Both Hester and Miller went on to add that communication is paramount during these times. Michael said they assigned only one employee to speak with the community, “There is no he said she said, there is only one source of factual information.” Additionally, both hospitals are sharing information with the public via radio, Facebook, and newspapers. They are also in contact with their Sheriff’s office and local shops. Lewis nodded in agreement, “The best surprise is no surprise.”

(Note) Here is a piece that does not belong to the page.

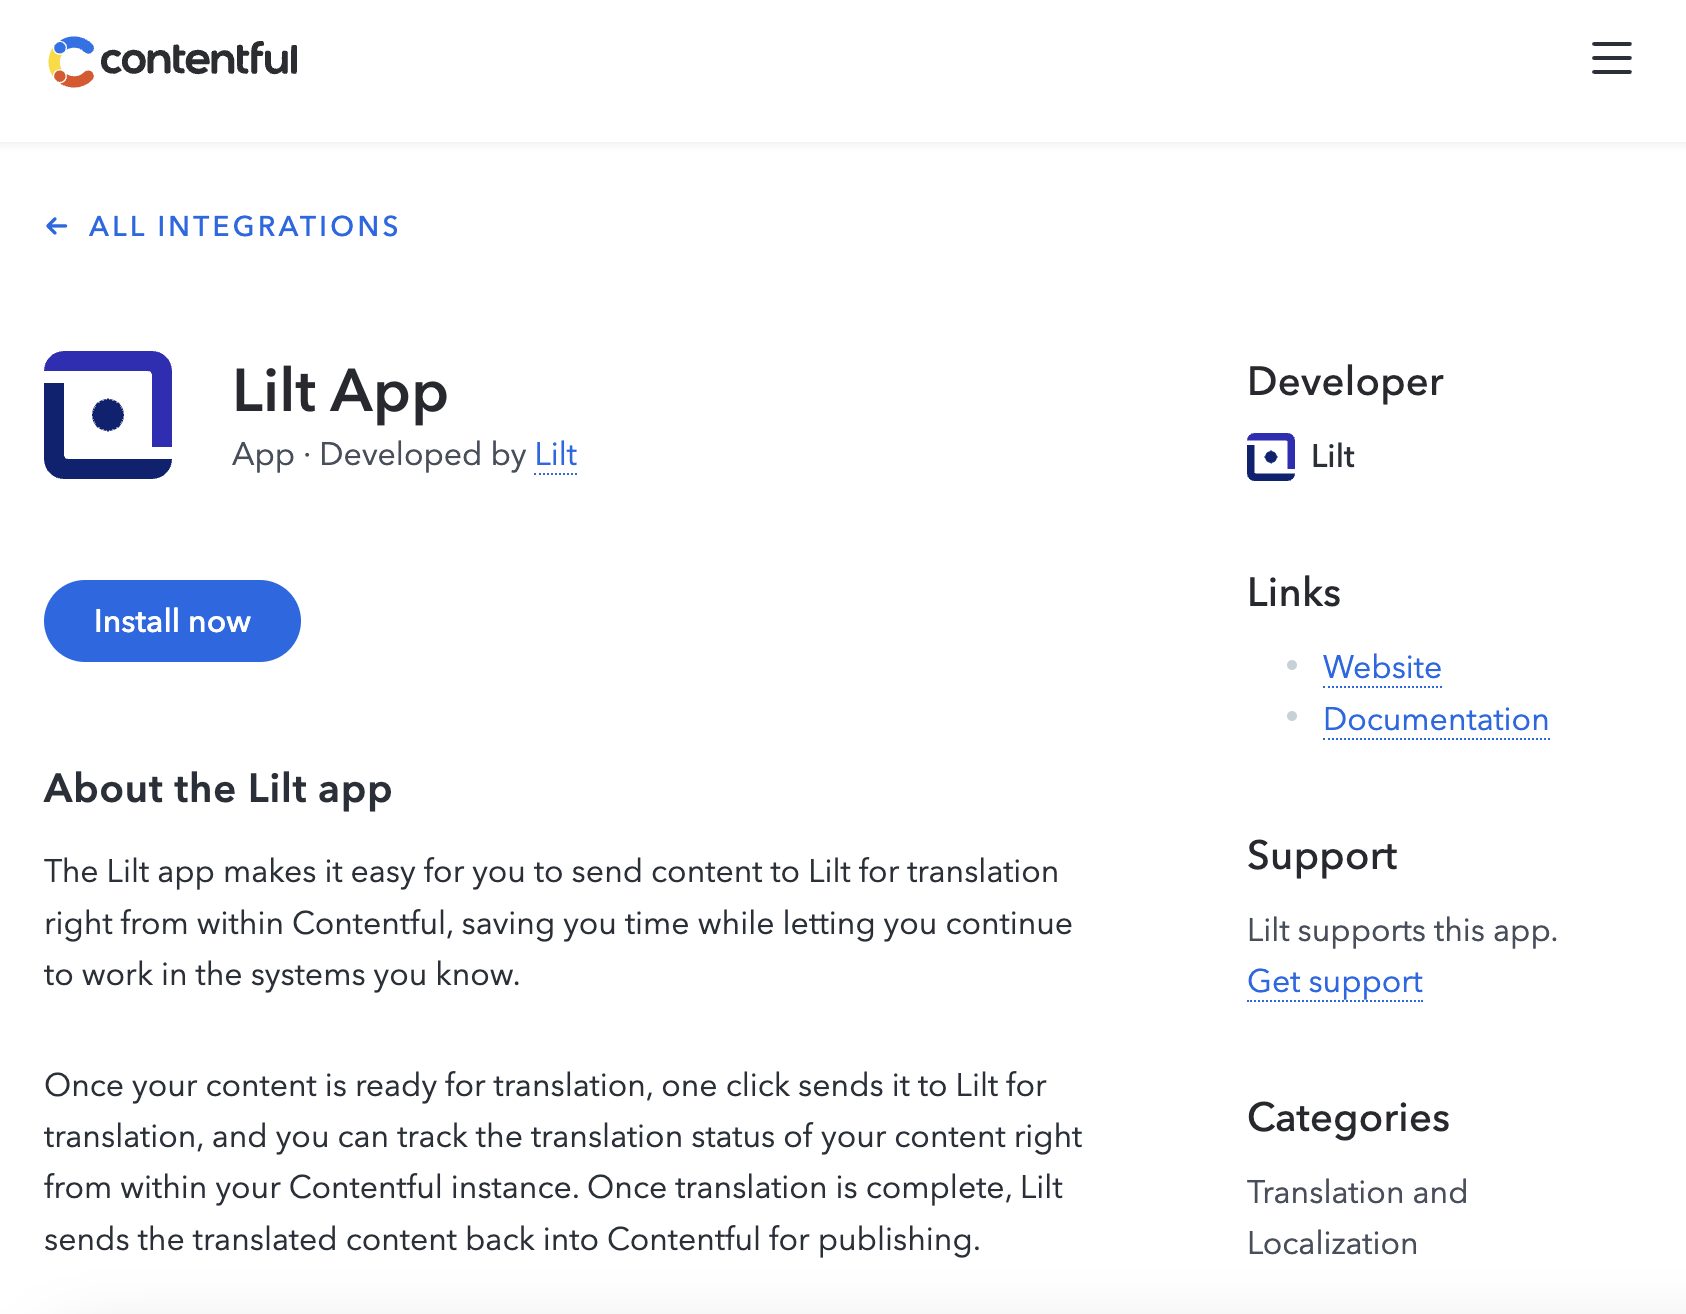 LILT is live in the Contentful App Store

Finally, Lewis shared his thoughts on the matter by noting that minimizing the spread of infection should be the number one priority, “Your hospital must be a very controlled environment. Make sure the people who are meant to be there are, and the ones who don’t stay home.” He addressed the basics such as masks and careful screenings.
The panel concluded with Lewis prompting the most pressing question, “When will this all end?”
To which he replied, “We haven’t even begun to see the beginning of it”. He stated that rural clinics will see the effects of Covid-19 for a long time. “Rural clinics have more elderly people, more poverty. It is likely we will be hit hard.”
We haven’t had a pandemic in 100 years, we haven’t had a lot of practice. But I think we are all doing a good job of acclimating to what is now the new normal.